Phandles: The Devicetree Link

Beyond base addresses and interrupts, the UART driver requires a clock frequency to calculate the correct baud rate1. In our assembly version, we hardcoded this to a fixed 24MHz (0x16e3600). To make this dynamic, we now use Phandle Resolution.

As defined by the Devicetree Specification:

The phandle property specifies a numerical identifier for a node that is unique within the devicetree. The phandle property value is used by other nodes that need to refer to the node associated with the property.

In our UART node, the clocks property contains one of these numerical IDs. This creates a "source of truth" relationship: the UART doesn't need to know the clock frequency; it only needs to know which node to ask. To find the frequency, the code follows this trail:

  • Extract the Phandle: Read the ID from the UART's clocks property.
  • Locate the Provider: Search the DTB for the node that owns that specific ID.
  • Read the Frequency: Once at the provider node, extract the value from its clock-frequency property.

The Unified Setup

The UART setup function represents the final evolution of our discovery logic.
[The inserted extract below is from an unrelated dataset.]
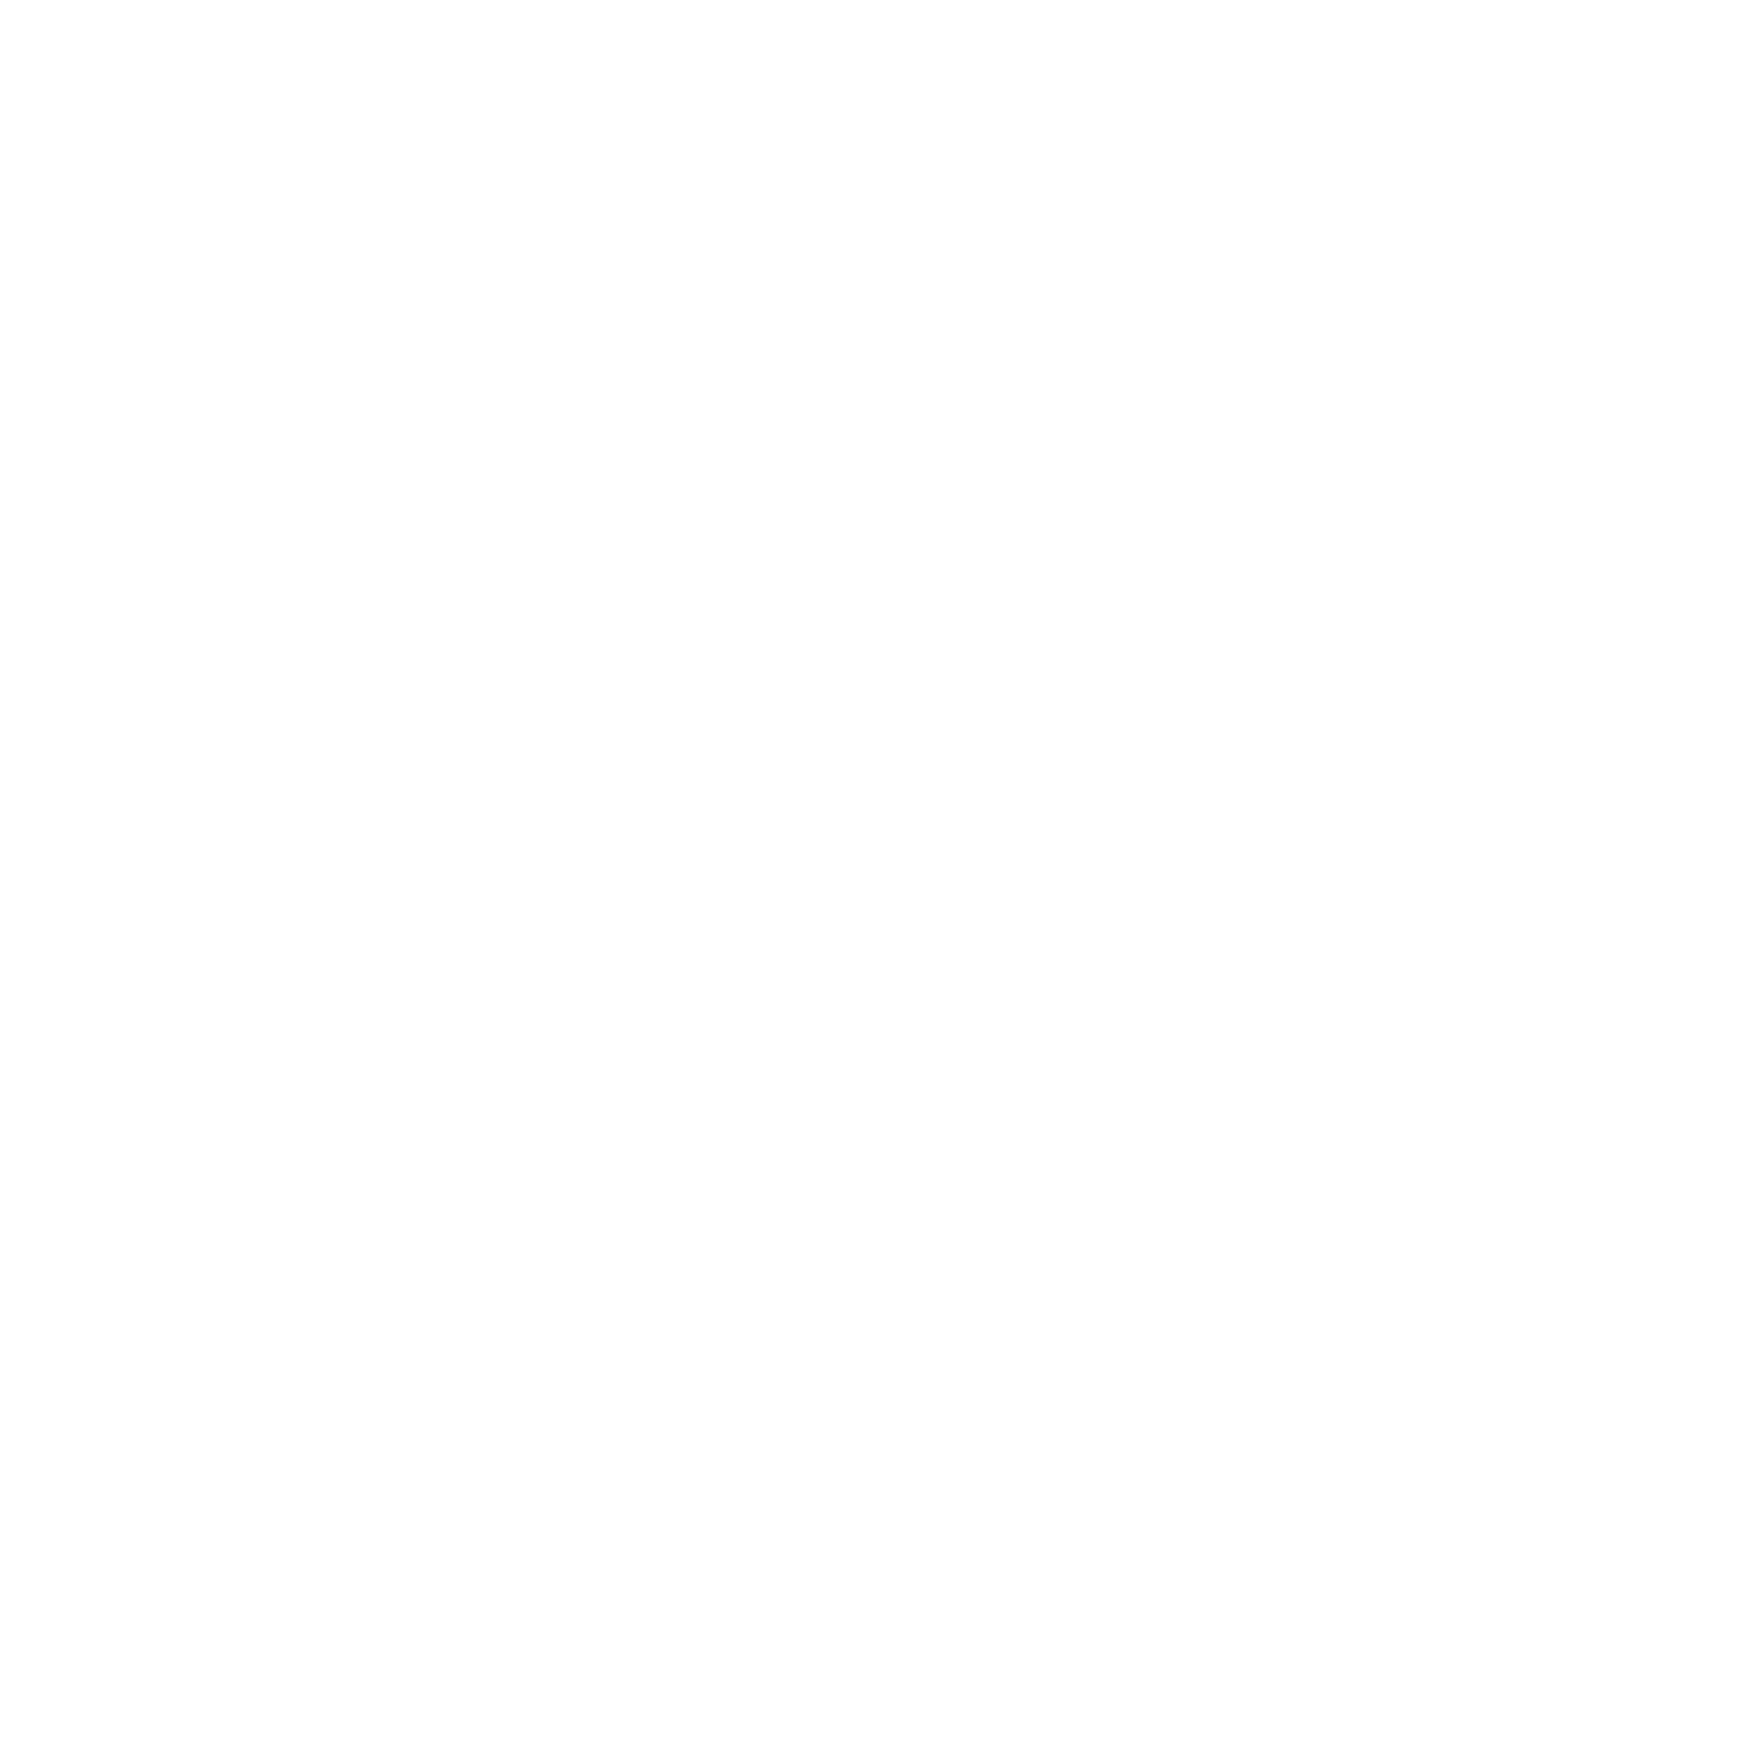 Rankings.io

It consolidates the patterns we established with the GIC while adding the resolution of these new properties.


pub fn setup(dev: &device::PlatformDevice) {
    let mut addr: u64 = 0;
    let mut freq: u32 = 0;
    let mut interrupt_info: [u32; gicv3::MAX_INTERRUPT_CELLS] = [0; gicv3::MAX_INTERRUPT_CELLS];
    
    // 1. Get #address-cells from parent to parse 'reg' (Same logic as GIC)
    let (addr_cells, _) = dev.get_parent_cells();
    if let Some(reg_prop) = dev.find_property("reg") {
        for i in 0..addr_cells as usize {
            let cell = convert::read_be_u32(reg_prop.value, i * 4);
            addr = (addr << 32) | cell as u64;
        }
    }

    // 2. Parse interrupts property via the interrupt-parent contract
    if let Some(int_prop) = dev.find_property("interrupts") {
        if let Some(intc) = dtb::find_interrupt_parent(dev) {
            let mut interrupt_cells: u32 = 3;
            if let Some(cells_prop) = intc.find_property("#interrupt-cells") {
                interrupt_cells = convert::read_be_u32(cells_prop.value, 0);
            }

            // We read up to MAX_INTERRUPT_CELLS (4) to ensure spec compliance
            for i in 0..interrupt_cells.min(gicv3::MAX_INTERRUPT_CELLS as u32) {
                interrupt_info[i as usize] = convert::read_be_u32(int_prop.value, (i * 4) as usize);
            }

            if interrupt_info[0] == 0 { // SPI
                let spi_id = 32 + interrupt_info[1];
                
                // Parse trigger flags: bits 0-1 (edge), bits 2-3 (level)
                if (interrupt_info[2] & 0x3) != 0 {
                    gicv3::set_spi_trigger_edge(spi_id);
                } else {
                    gicv3::set_spi_trigger_level(spi_id);
                }
                
                gicv3::set_spi_priority(spi_id, 0x00);
                gicv3::set_spi_group(spi_id);
                gicv3::set_spi_routing(spi_id, 0); 
                gicv3::enable_spi(spi_id);
            }
        }
    }

    // 3. Parse clocks property for clock frequency
    if let Some(clocks_prop) = dev.find_property("clocks") {
        let phandle_id = convert::read_be_u32(clocks_prop.value, 0);
        if let Some(clock_node) = dtb::find_device_by_phandle(phandle_id) {
            if let Some(freq_prop) = clock_node.find_property("clock-frequency") {
                freq = convert::read_be_u32(freq_prop.value, 0);
            }
        }
    }

    init_uart(addr as *mut u32, freq);
    configure_uart();
}

Generic Timer

Unlike the UART or the GIC, the ARM Generic Timer isn't accessed through memory-mapped I/O registers. Instead, it is accessed via internal CPU system registers (CNTP_CTL_EL0, etc.). Because of this, we won't find a reg property in its node.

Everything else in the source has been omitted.